SUPPLIED INFORMATION:
########################################
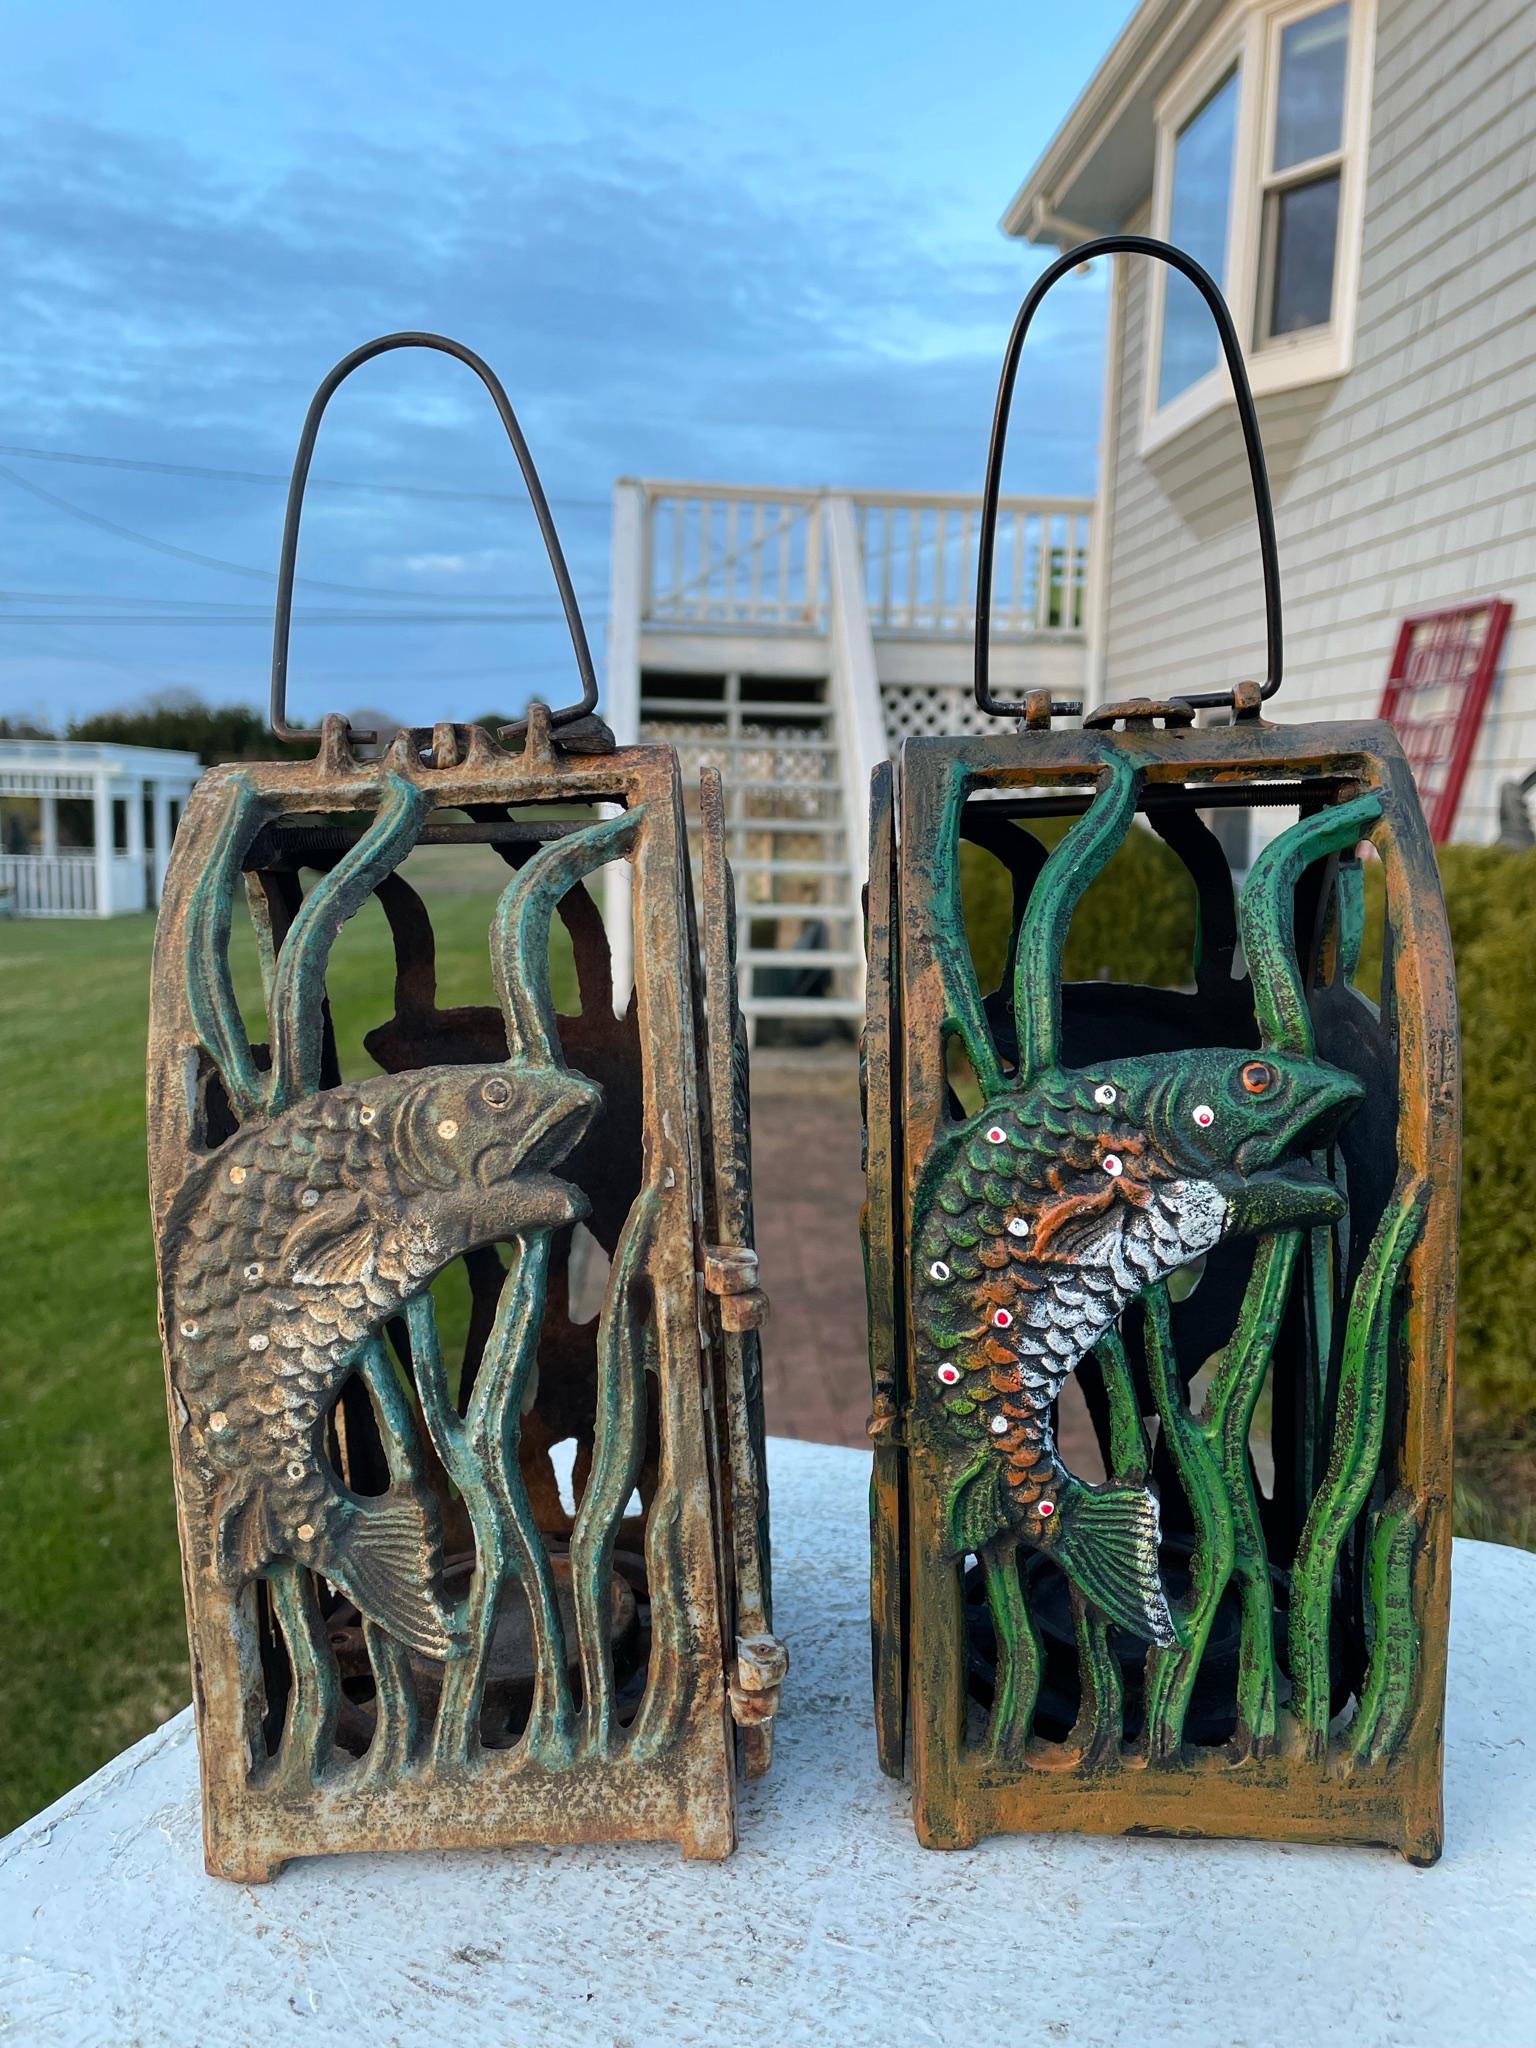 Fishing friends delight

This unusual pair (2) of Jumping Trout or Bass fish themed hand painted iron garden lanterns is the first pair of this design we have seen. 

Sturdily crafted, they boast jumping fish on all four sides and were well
########################################
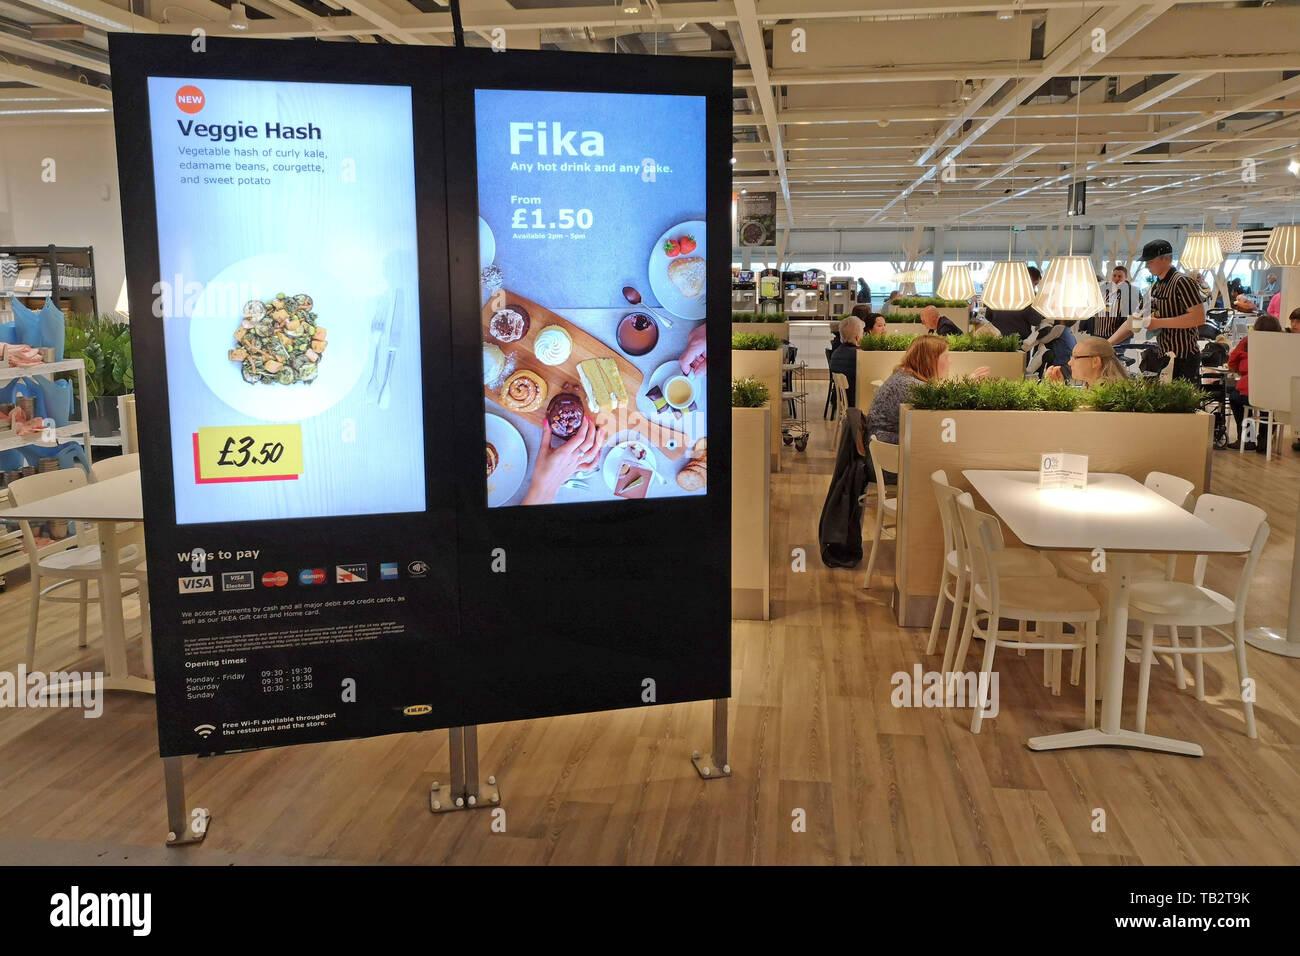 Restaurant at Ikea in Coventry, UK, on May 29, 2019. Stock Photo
########################################
ACTIVITY: Copy the entries above exactly, but only the stretch from the line containing "Fishing friends delight" through the line containing "Sturdily crafted, they". Keep both end lines; drop the pictures.

EXERCISE ANSWER:
 Fishing friends delight

This unusual pair (2) of Jumping Trout or Bass fish themed hand painted iron garden lanterns is the first pair of this design we have seen. 

Sturdily crafted, they boast jumping fish on all four sides and were well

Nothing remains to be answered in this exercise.